Караоке вдвоем: Хмельная страсть - Павлова Мария Юрьевна (библиотека книг TXT) 📗
— Что это? — подозрительно поинтересовался он, еще не отойдя от первого сюрприза жены в виде переворота через голову.
— А ты разверни!
Павел зашуршал пакетом, и на свет явился халат. Махровый, в яркую оранжевую и черную полоску. Сонливость Павла как рукой сняло. Он встал, расправил плечи и, облачившись в халат, поспешил к зеркалу.
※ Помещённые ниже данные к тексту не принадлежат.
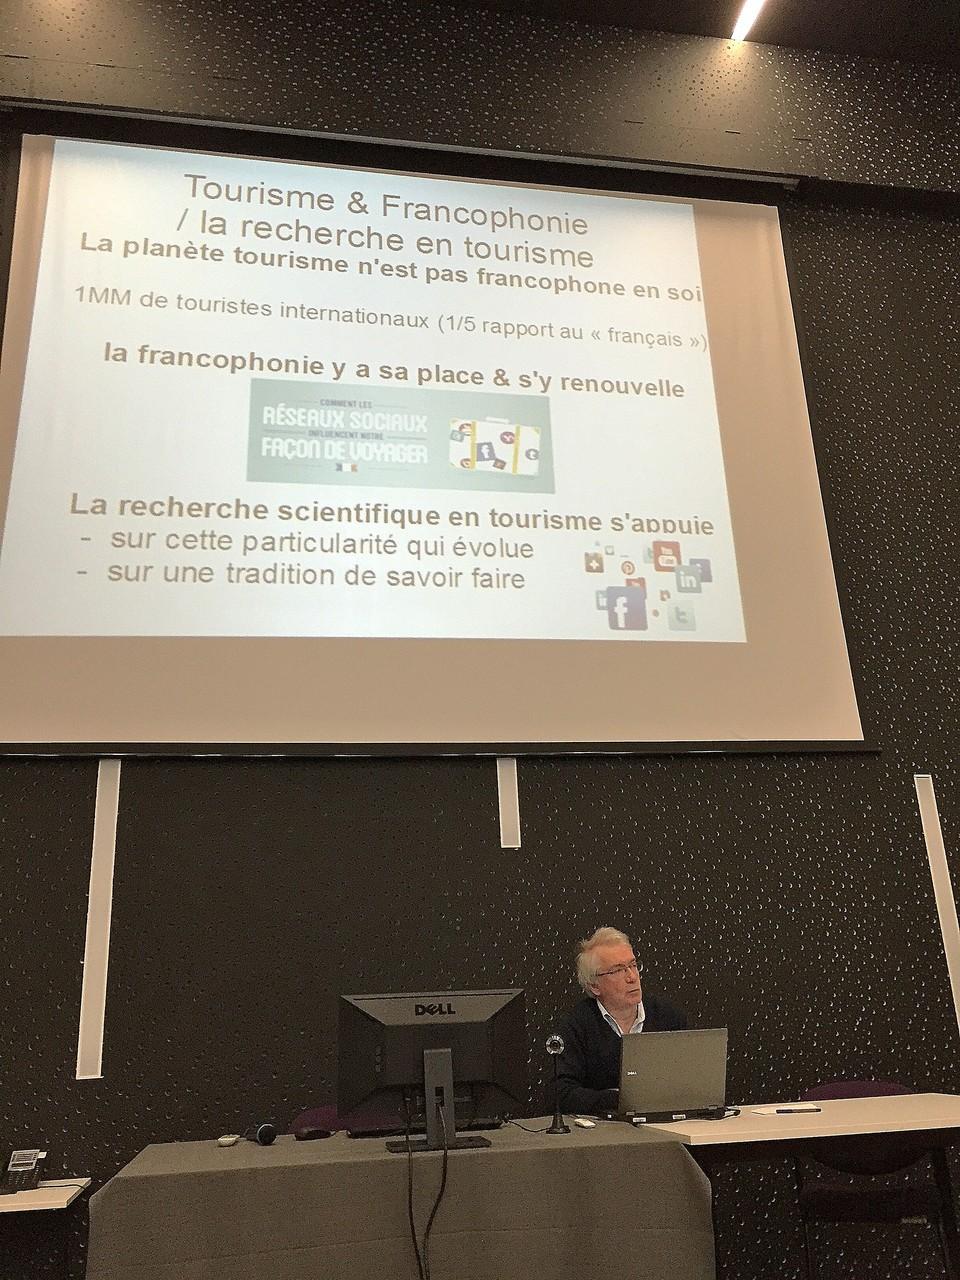 Mr Phillipe Bachimon : Professeur de géographie du tourisme à l'Université d'Avignon et des Pays de Vaucluse, chercheur au Laboratoire ESPACE-DEV

— Когда я был маленьким, мечтал — вот вырасту, куплю себе халат, как у дяди Феди Трайстера…
— Халат теперь у тебя имеется… ну, может быть, еще и вырастешь… — хохотнула Маша.
— Ах т-ты!.. — Павел дернулся за ней с намерением схватить. Но с непривычки запнулся в длинных полах халата и с грохотом растянулся вдоль стойки с телевизором. Но тут же вскочил, демонстрируя неизбывную молодую прыть, и изготовился к прыжку.
— Стой, Павлик! Погоди! — остановила его Маша.
Усевшись на его место в кресло, она взяла из вазы гроздь темного винограда, приподняла ее до уровня губ, затем поводила ею по своему лицу.
— Подойди сюда…
Когда Павел выполнил ее просьбу, она откинула голову на спинку кресла и тихо проговорила:
— А халат носят на голое тело…
— На голое, говоришь? — Включившись в Машино настроение, Павел зашуршал одеждой, приводя в соответствие экипировку.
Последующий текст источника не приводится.